The root route on the cockpit was wrong. It had been routing to the vault portal index, which made sense when both things shared an origin and made no sense as a standalone operator console. Fixing it took one config change. It had not been fixed before because touching routing inside holdthought-web required coordinating with product concerns.
CLAUDE_BIN was being resolved at runtime via PATH. That worked in my shell and failed silently in the NSSM service context. Baking the absolute path into the service definition, once I owned that definition fully, took ten minutes. I had been living with the ambient ambiguity for months because the service config lived inside a product repo that had other priorities.
The SessionChat component had been built with an infinite-scroll history model that worked fine as a novelty and badly as a daily operator console. Sessions load from the bottom now, chunked, pinned to the newest message. That refactor took an afternoon. It would have taken two weeks of convincing myself it was worth the disruption inside the product’s release cycle.
None of those fixes were complicated. They were deferred because the operator system had no maintenance surface of its own. It was a passenger in a product repo that had other priorities, and any change to it required negotiating with the product’s release concerns.
when the architecture has two masters
The operator tooling for an AI-driven solo business has different availability requirements, a different change cadence, and different access control than any customer-facing product. Conflating their deployment stories produces friction in both directions. Every change to the cockpit gets taxed by the product’s release cycle, and every change to the product is complicated by the cockpit’s presence in the same tree.
The cost of that arrangement was invisible because it was paid in small delays and mental overhead rather than visible failures. Nothing broke dramatically. I just moved slower than I should have, accepted friction I had written off as inherent, and let fixes like the CLAUDE_BIN path ambiguity sit unresolved longer than they deserved.

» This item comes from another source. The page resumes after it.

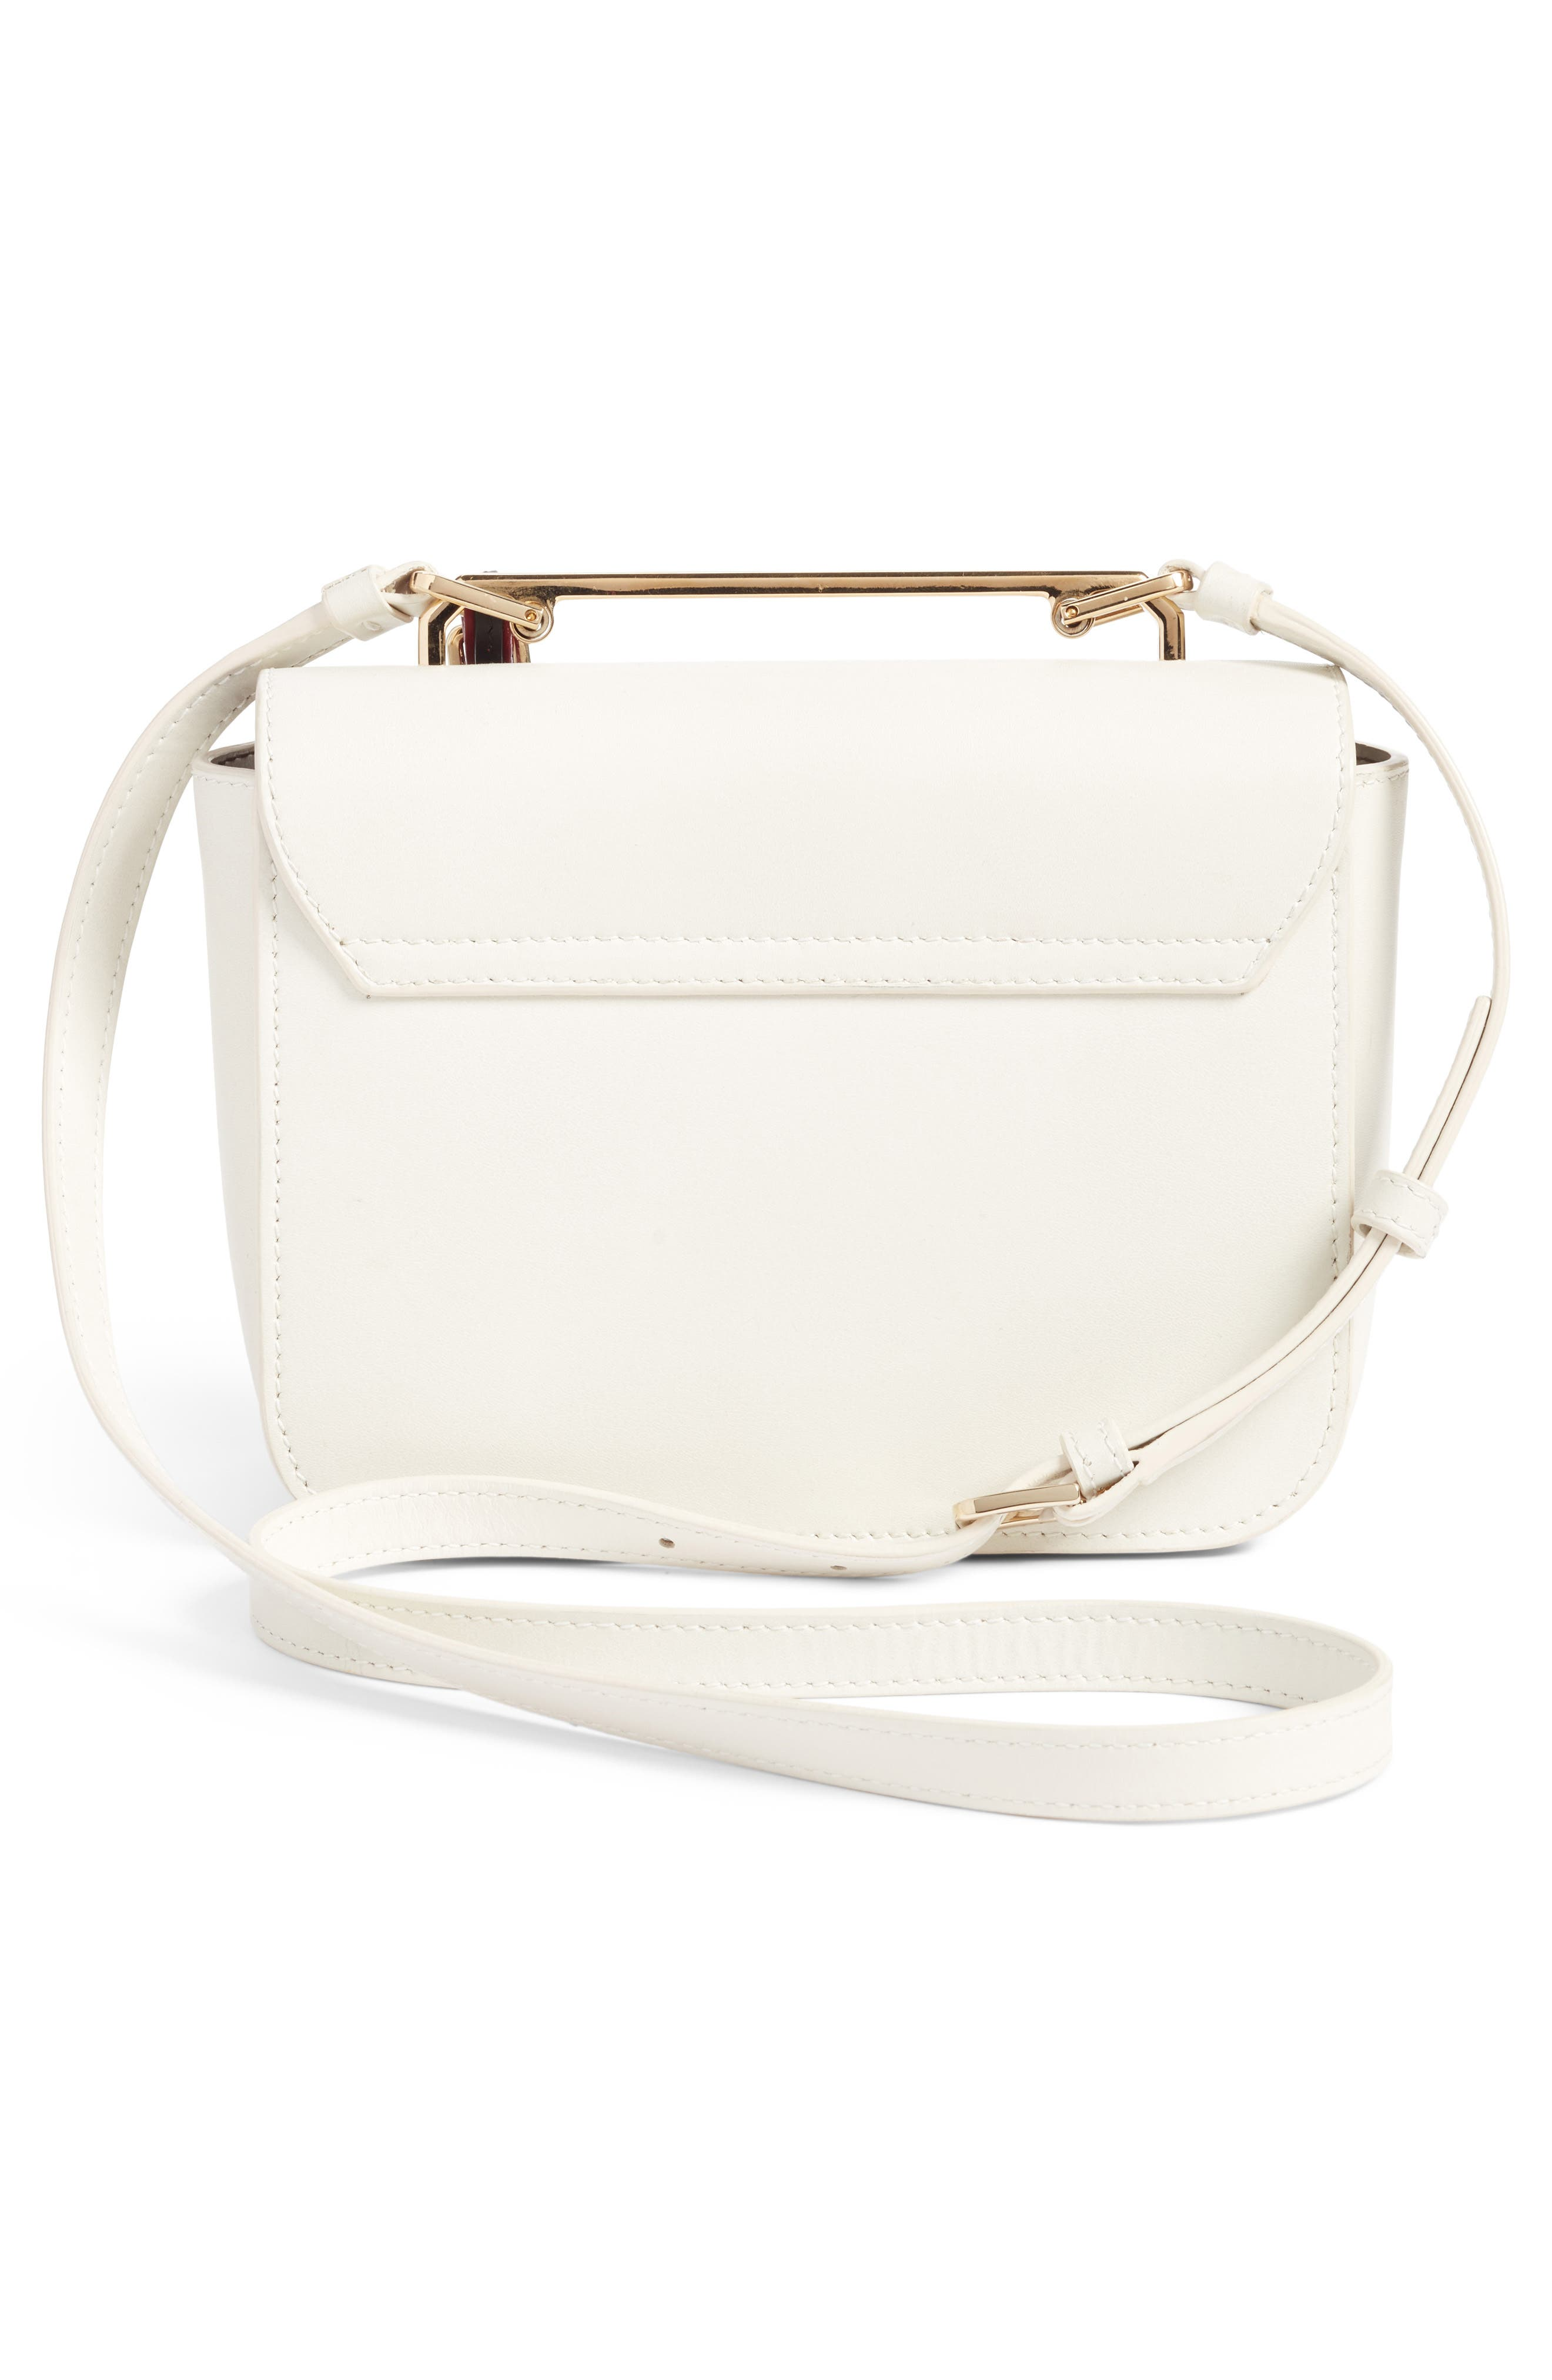 Elisir Mini Crossbody Bag,                             Alternate thumbnail 3, color,                             Petalo

benagents now deploys on its own schedule, restarts without coordination, and can accept breaking changes to the session bridge without triggering a product review cycle. That last property is what made the SessionChat rewrite cheap enough to actually do. The only person affected by a bad deploy is me, the NSSM service recovers in seconds, and the change does not need to be explained to anyone.
Internal tooling stops being fragile the moment you stop pretending it belongs inside the same repo and deployment story as the product.